Without including any pictures, write out the listing below exactly.
[Raw data]
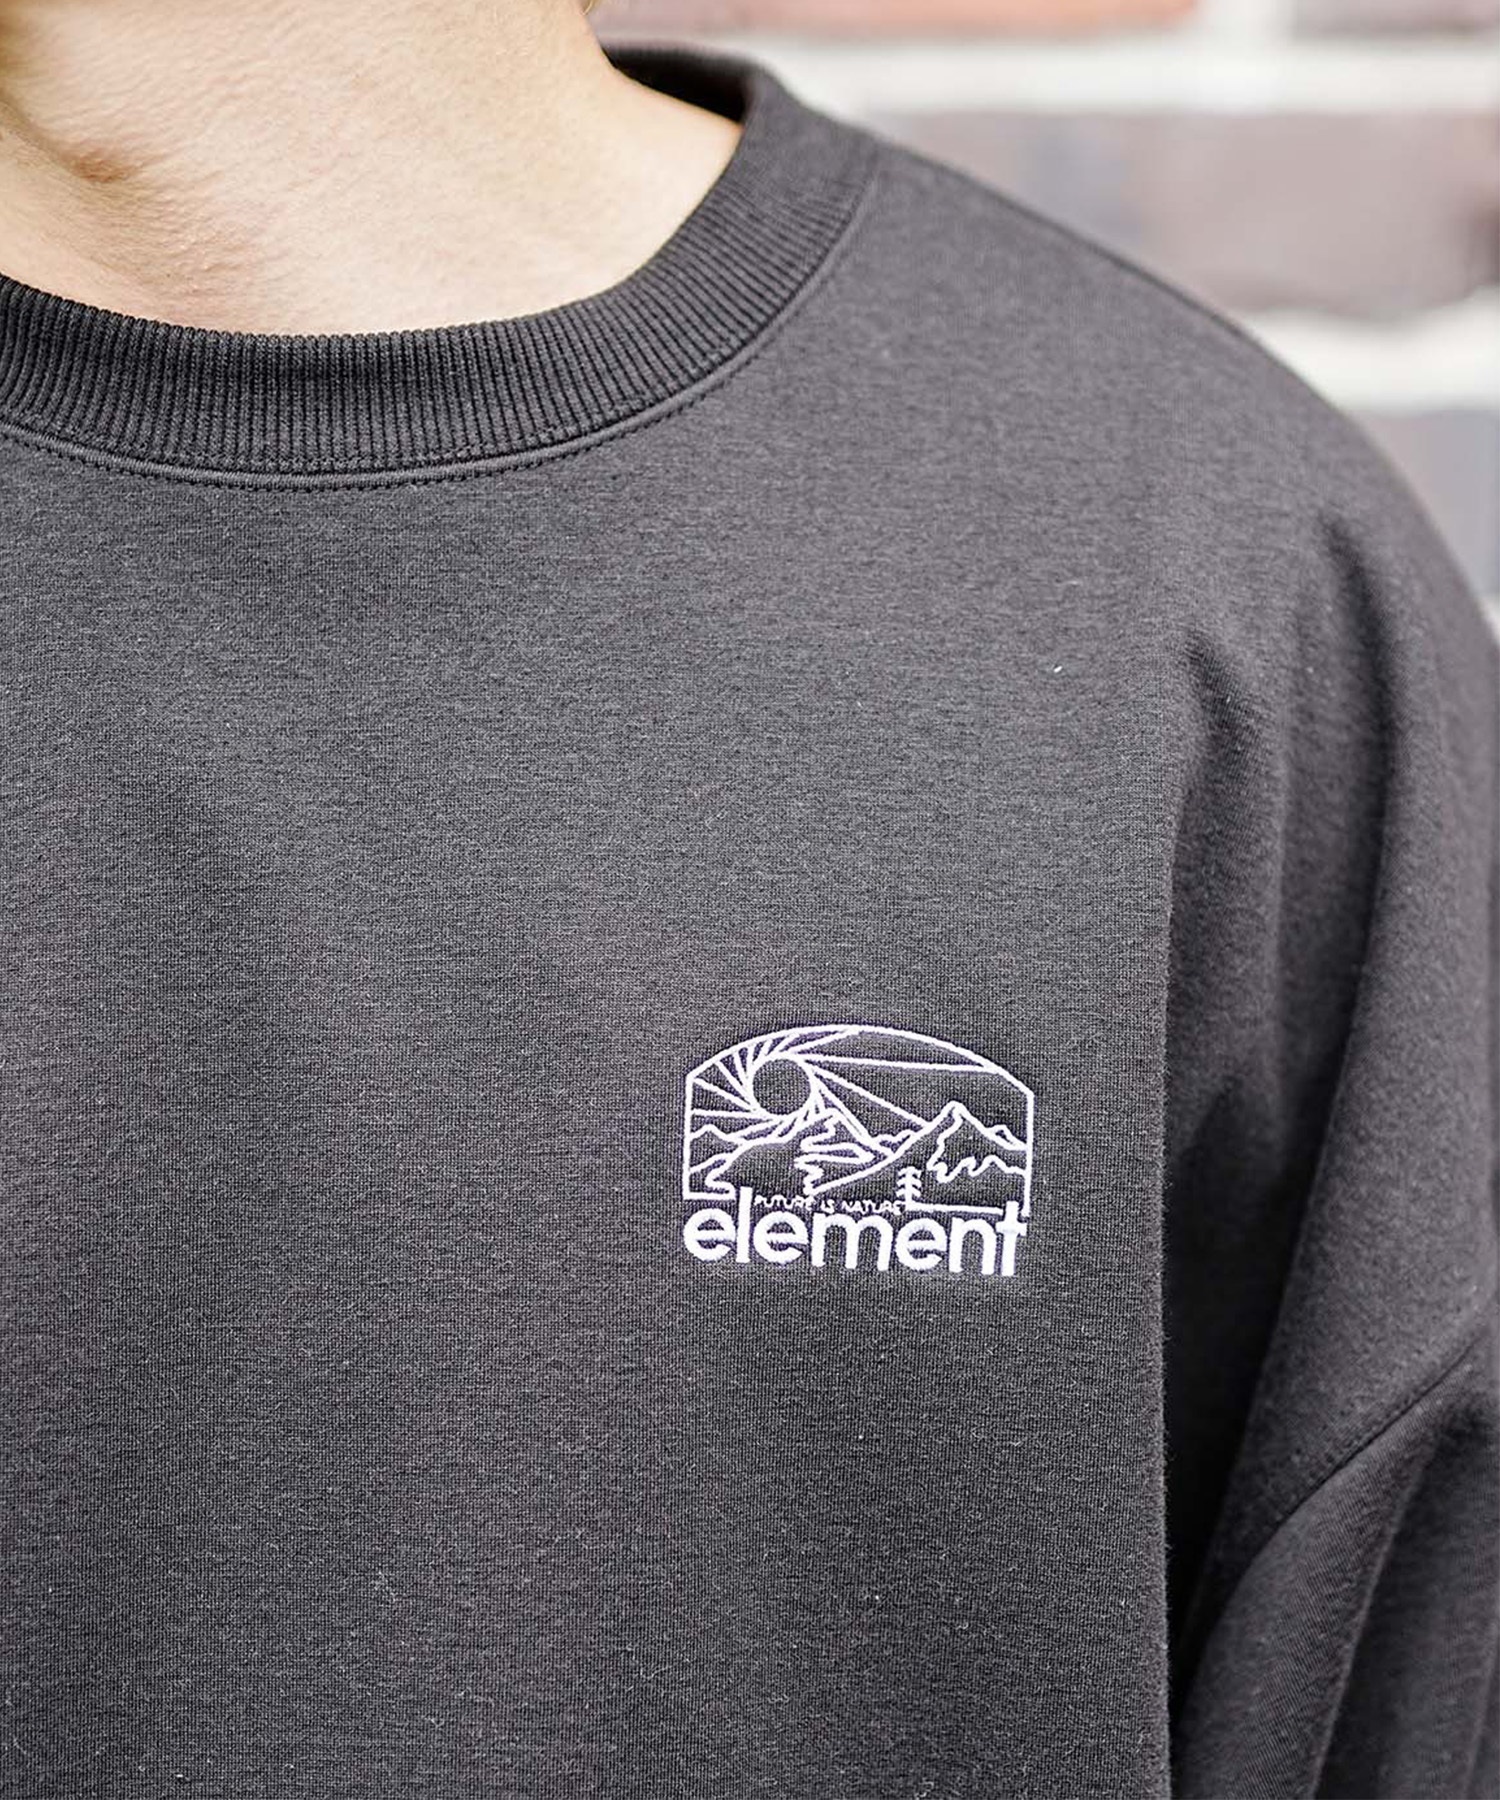 ELEMENT/エレメント SUNSET CREW WR メンズ トレーナー クルーネック
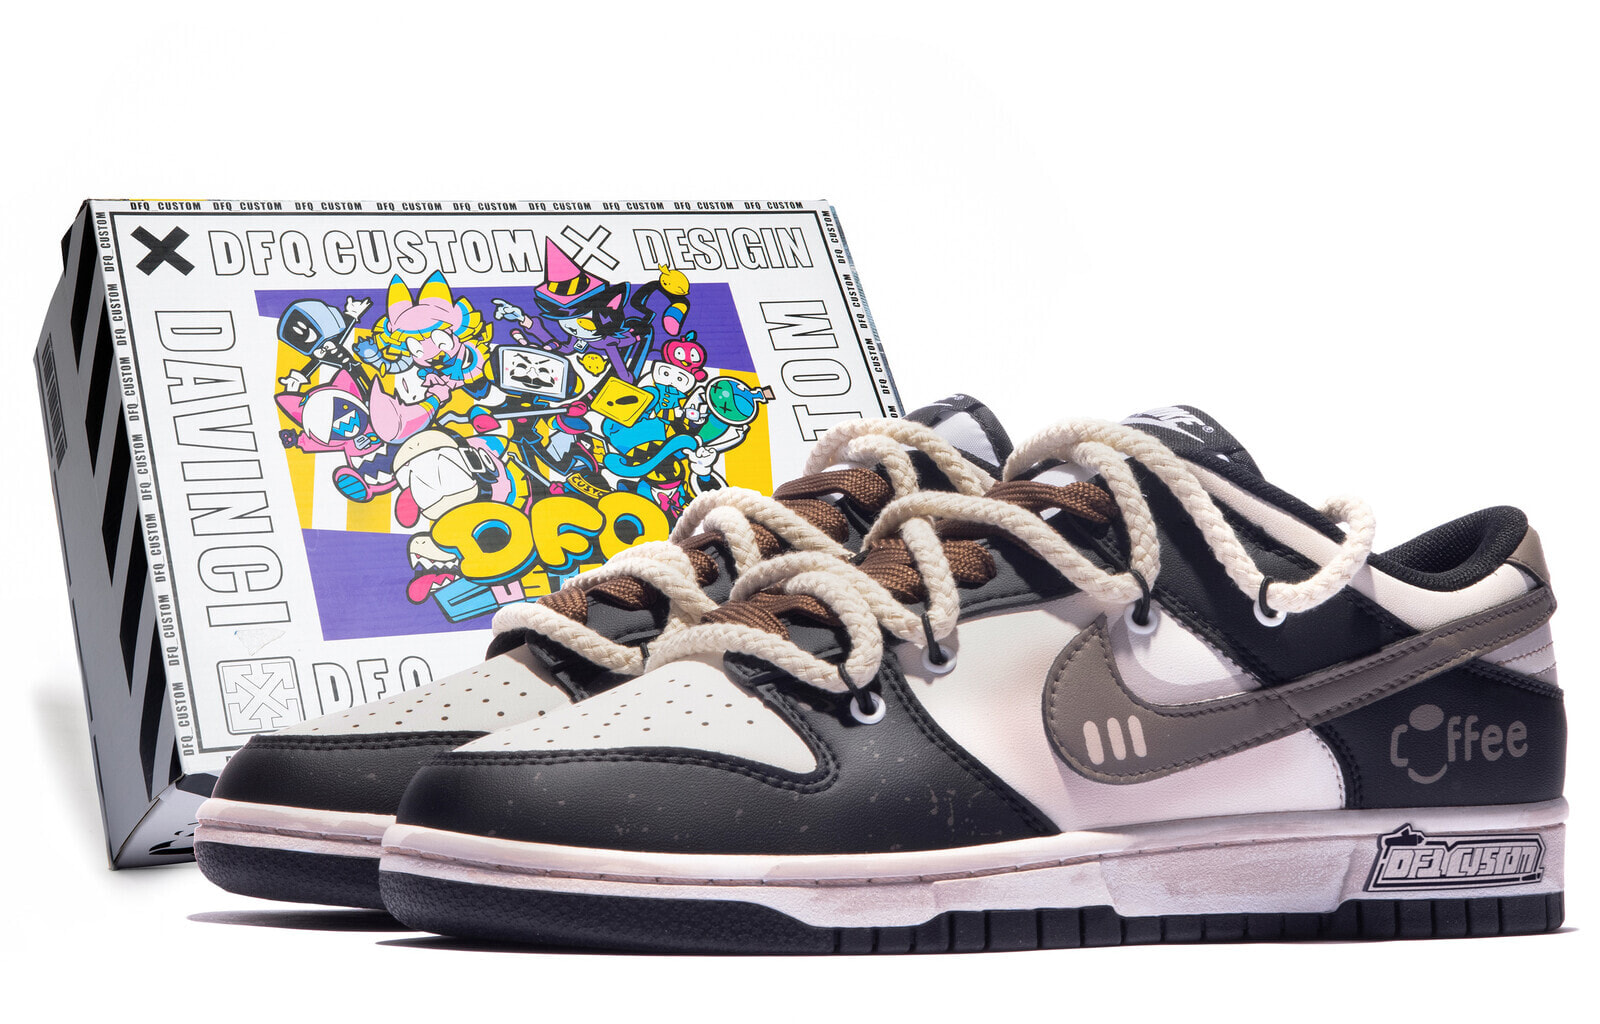 【定制球鞋】 Nike Dunk Low 特殊鞋盒 经典美式 咖啡 复古 低帮 板鞋 GS 米白黑棕 / Кроссовки Nike Dunk Low CW1590-100
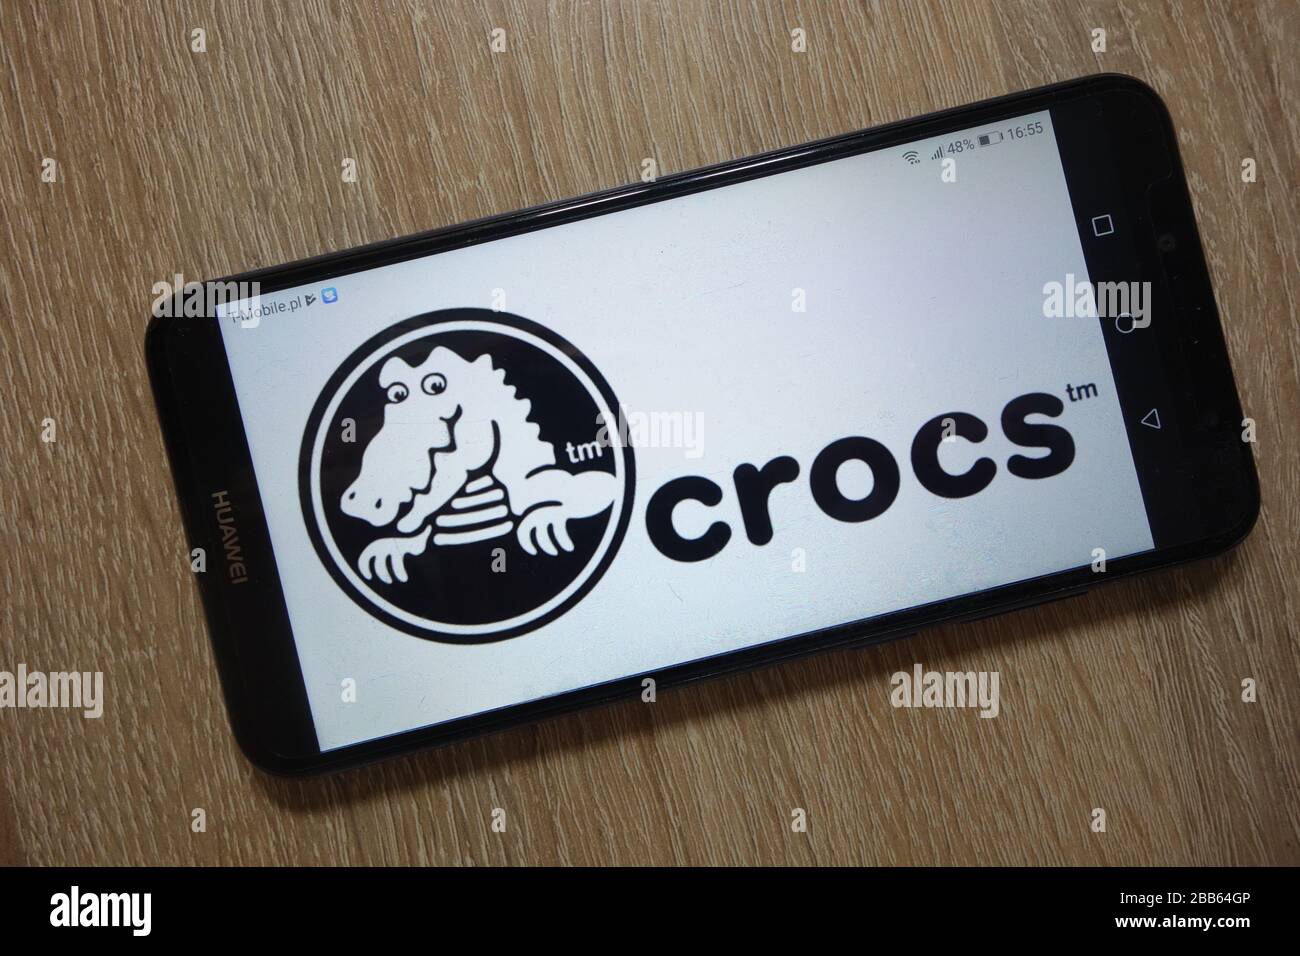 Das Logo von Crocs, Inc. Wird auf dem Smartphone angezeigt Stockfoto
[/Raw data]
Exercise output:
 ELEMENT/エレメント SUNSET CREW WR メンズ トレーナー クルーネック
 【定制球鞋】 Nike Dunk Low 特殊鞋盒 经典美式 咖啡 复古 低帮 板鞋 GS 米白黑棕 / Кроссовки Nike Dunk Low CW1590-100
 Das Logo von Crocs, Inc. Wird auf dem Smartphone angezeigt Stockfoto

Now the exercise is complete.